The FDIC estimated that the resolution of Franklin Bank will cost the federal deposit insurance fund between $1.4 billion and $1.6 billion.
Parent company Franklin Bank Corp. just Sunday said it had received proposals for transactions to strengthen Franklin Bank's capital position and was keeping regulators informed of the talks' progress.
Regular deposit accounts are now insured up to $250,000 as part of the new financial rescue law enacted in early October. The limit on individual retirement accounts held in banks remains at $250,000.

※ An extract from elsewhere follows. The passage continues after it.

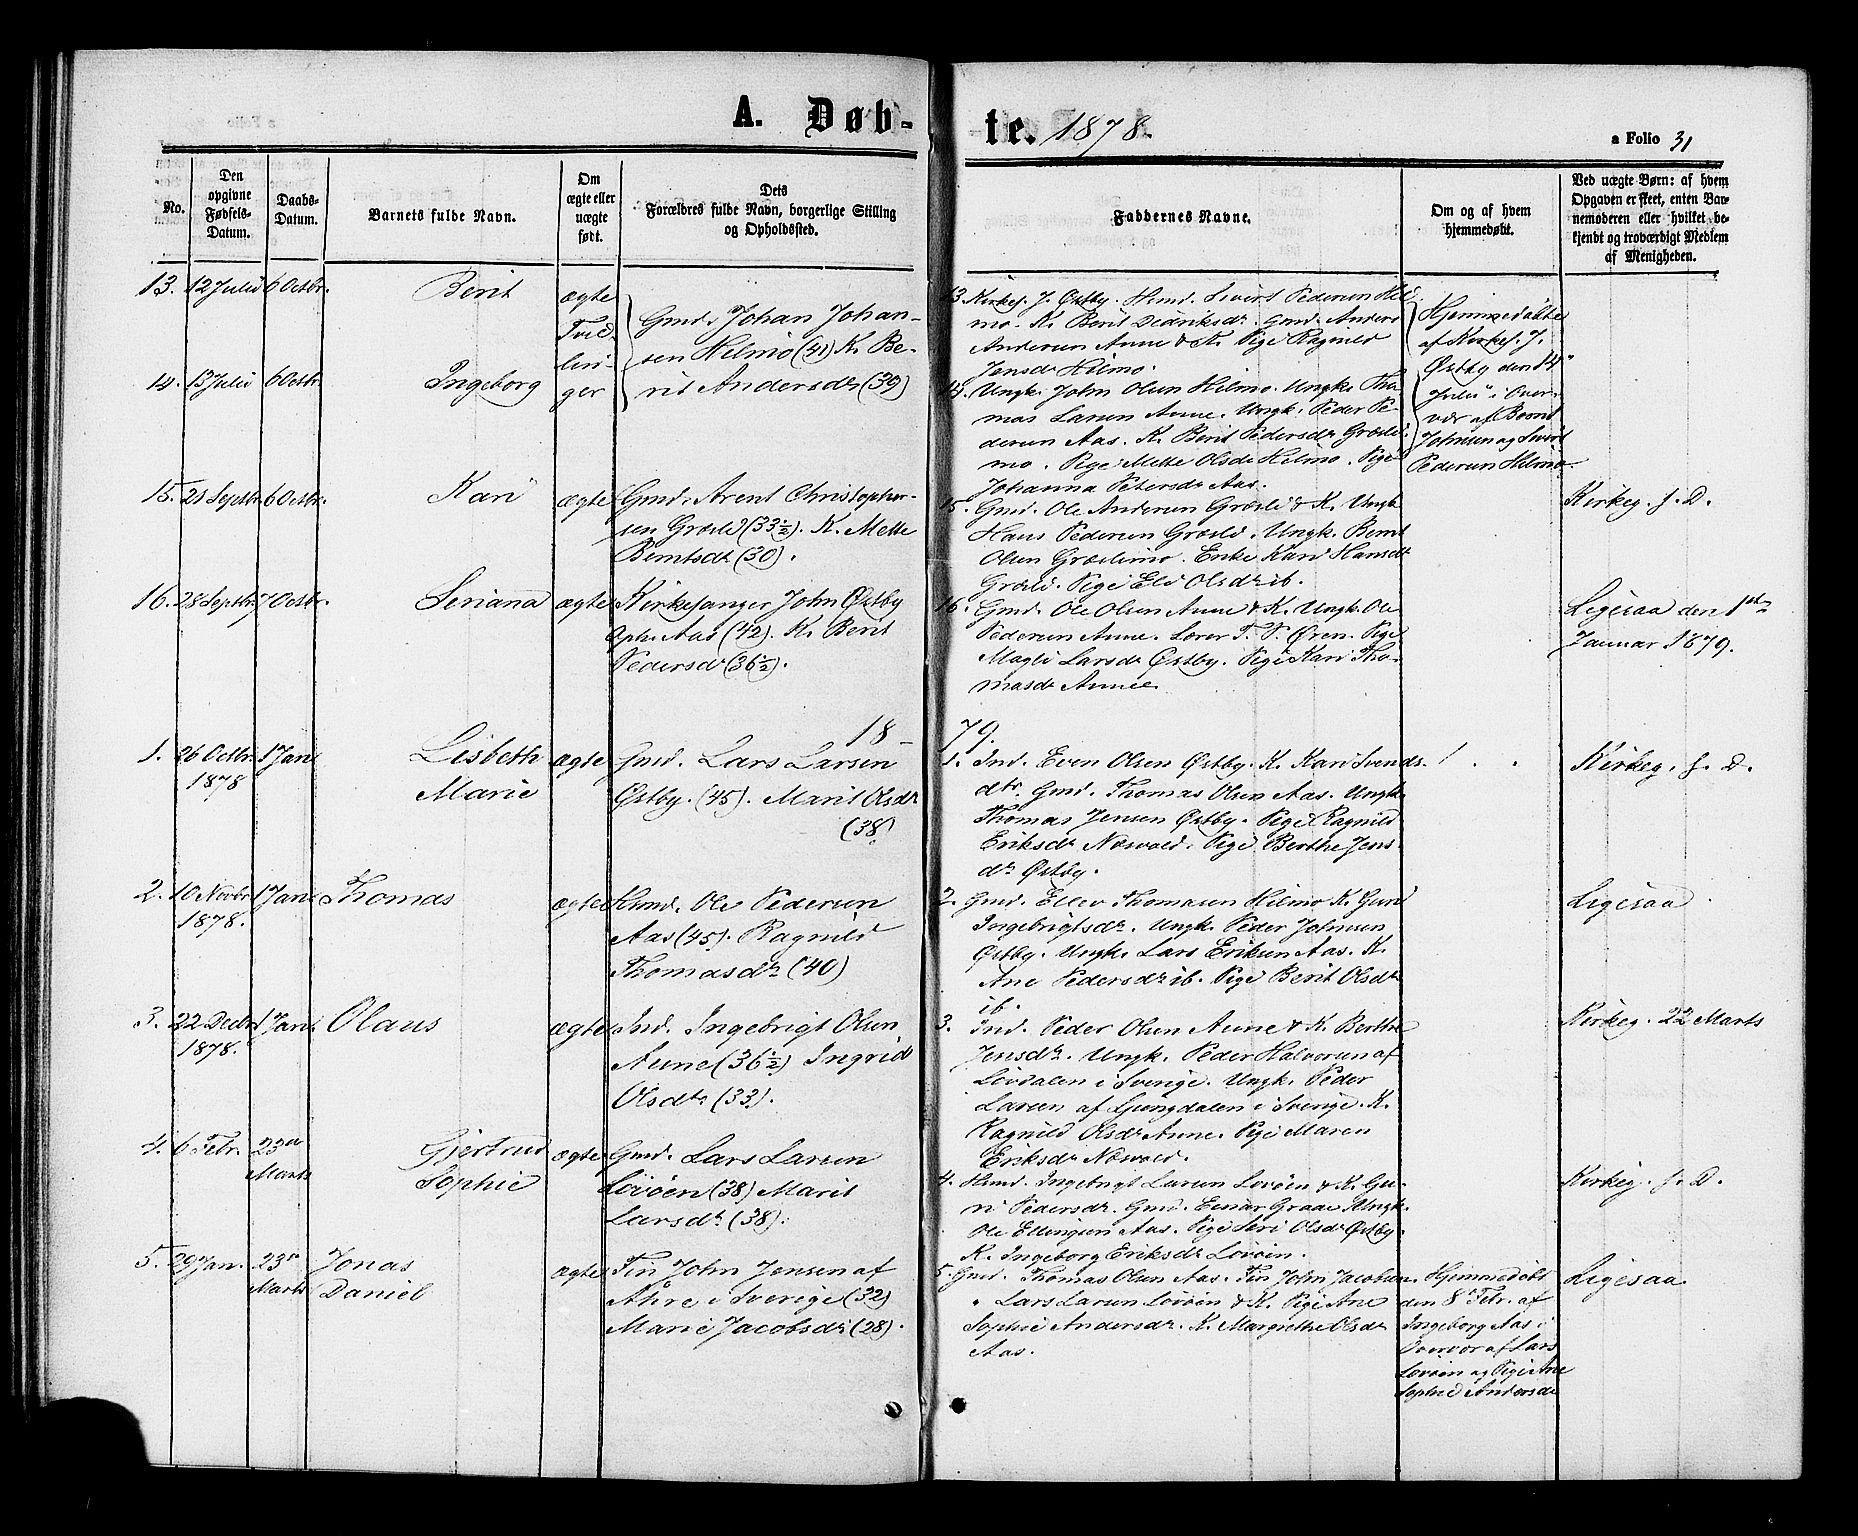 SAT, Ministerialprotokoller, klokkerbøker og fødselsregistre - Sør-Trøndelag, 698/L1163: Ministerialbok nr. 698A01, 1862-1887, s. 31

The 18 bank failures so far this year compare with three for all of 2007 and are more than in the previous five years combined. It's expected that many more banks won't survive the next year of economic tumult. The pressures of tumbling home prices, rising mortgage foreclosures and tighter credit have been battering many banks, large and small, across the nation.
The failures this year include that of Seattle-based thrift Washington Mutual Inc. in late September, the biggest bank collapse in history. It had $307 billion in assets. In July another big savings and loan, IndyMac Bank based in Pasadena, Calif., failed and was seized by regulators with about $32 billion in assets.
The FDIC estimates that through 2013 there will be about $40 billion in losses to the deposit insurance fund, including an $8.9 billion loss from the failure of IndyMac Bank. The FDIC is raising insurance premiums paid by banks and thrifts to replenish its fund, which now stands at around $45.2 billion, below the minimum target level set by Congress and the lowest level since 2003.